Ему нравится чувствовать тепло. Тёплое тело, тяжело навалившееся сверху. Тёплое дыхание то на шее, то около уха. Дыхание пахнет виски и прерывается невнятными словами то на английском, то на латыни.
Все пять чувств перегружены непривычным и странным; Игорь зажмуривается и не знает, куда деть руки.

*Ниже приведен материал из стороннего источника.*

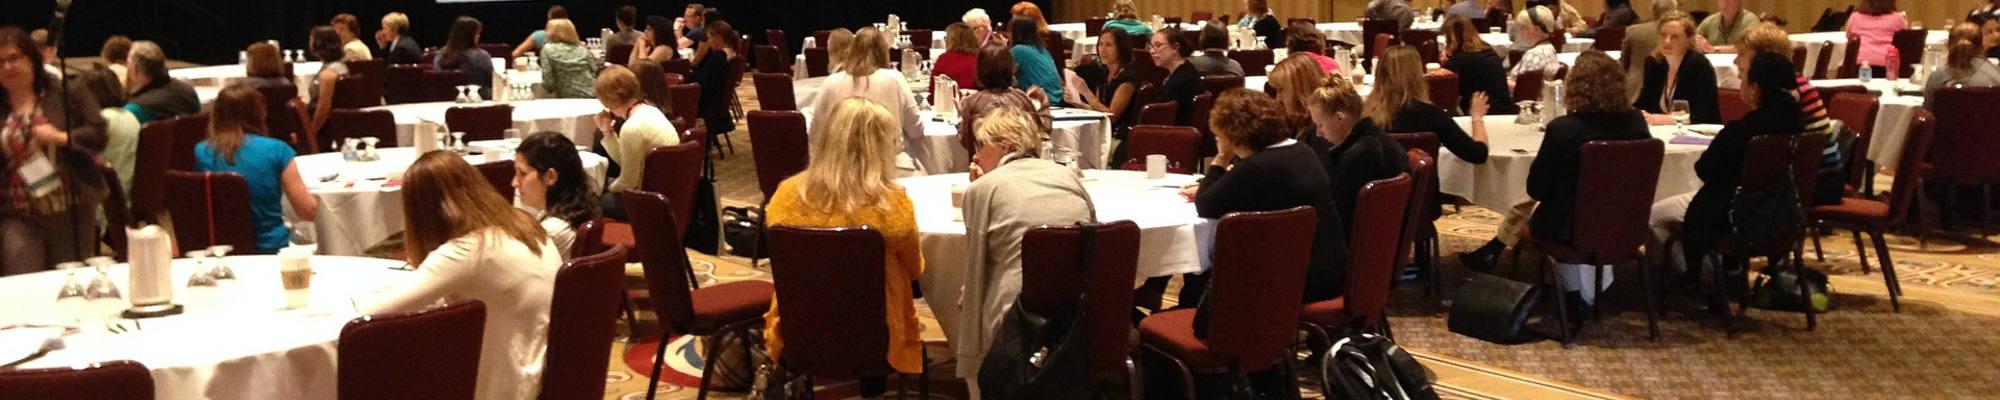 Rosensteel Hall Meeting & Event Facilities

Потом, когда Виктор чуть отстраняется и останавливается, ощущения снова распадаются на составляющие. Пол всё ещё холодный, застёжки всё ещё впечатываются в спину, всё ещё резко пахнет разлитое виски; он стискивает одной рукой предплечье Виктора, а во второй — раскрошенный кусочек мела; по внутренней стороне бедра стекает скользкая жидкость; мышцы ноют как будто все сразу, а во рту совсем сухо.
Игорь наконец открывает глаза — и натыкается на взгляд, подёрнутый пеленой хмеля, сквозь которую проступает… что-то.
— Тебе больно? — спрашивает Виктор, и его голос звучит неровно, рвано из-за сбитого дыхания. — Я причинил тебе боль?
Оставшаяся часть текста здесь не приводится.